After the project finished, I went home to Canada with my Kiwi wife and we raised three young boys. I also brought home with me some of that boundless Kiwi optimism, which served me well on projects for many years. Even though Risk Management was becoming more common on projects at that time, it was at first used sparingly – and was seldom permitted to take over a project. It was a source of awareness, guidance and advice that assisted planning, certainly – but that was about it.
Over the years, Risk Management crept into many other areas of life: as children were no longer allowed to climb trees or scrape knees and flying foxes and climbing nets were removed from playgrounds. When I grew up, you always knew several kids who broke an arm or leg over the summer, and proudly sported their cast at school. Today, a child breaking an arm or leg is considered a drastic event, requiring someone to be ‘at fault’, endless paperwork, and a new risk management plan be put in place wherever it occurred.

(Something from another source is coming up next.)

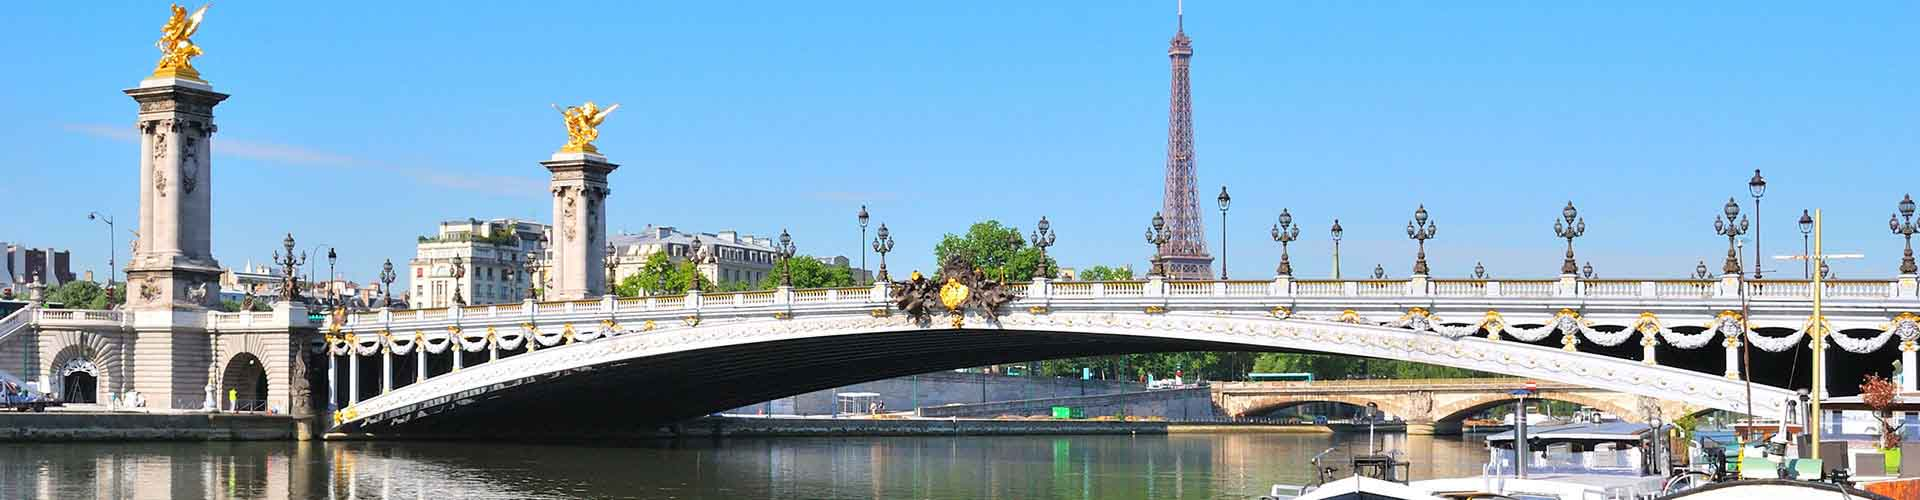 Paris - Appartements près de Pont Alexandre III. Cartes pour Paris, photos et commentaires pour chaque appartement à Paris.

When we moved back here in 2008, I was shocked to find that New Zealand was even more advanced than Canada in the area of Risk Management – with crippling effect. “She’ll be right” is but a distant memory, and it seems no project is allowed to start without a rigorous Risk Management plan signed off six ways. Sometimes it feels like more time is spent discussing how things could go wrong, than in planning how things should go right.
While a certain amount of Risk Management certainly makes sense – especially in Health & Safety – I would argue that having too much of it is killing our projects. Overly focusing on negative possibilities saps the energy and enthusiasm from your team, for who could possibly be excited about starting a project that has such a long list of potential problems? If you spend more time thinking positively about your goal, you are far more likely to achieve it.
We need a more balanced approach to risk, and to revive that Kiwi optimism, because we learn and grow when things don’t quite work out as planned.
We also need more kids climbing trees and scraping knees.
Gary Nelson is a Project Manager, father of three boys and author of four project management books. He has developed several methodologies and worked on numerous projects in the private and public sectors over the past 26 years. His international experience includes projects in New Zealand, Taiwan, Hong Kong, the US and Canada.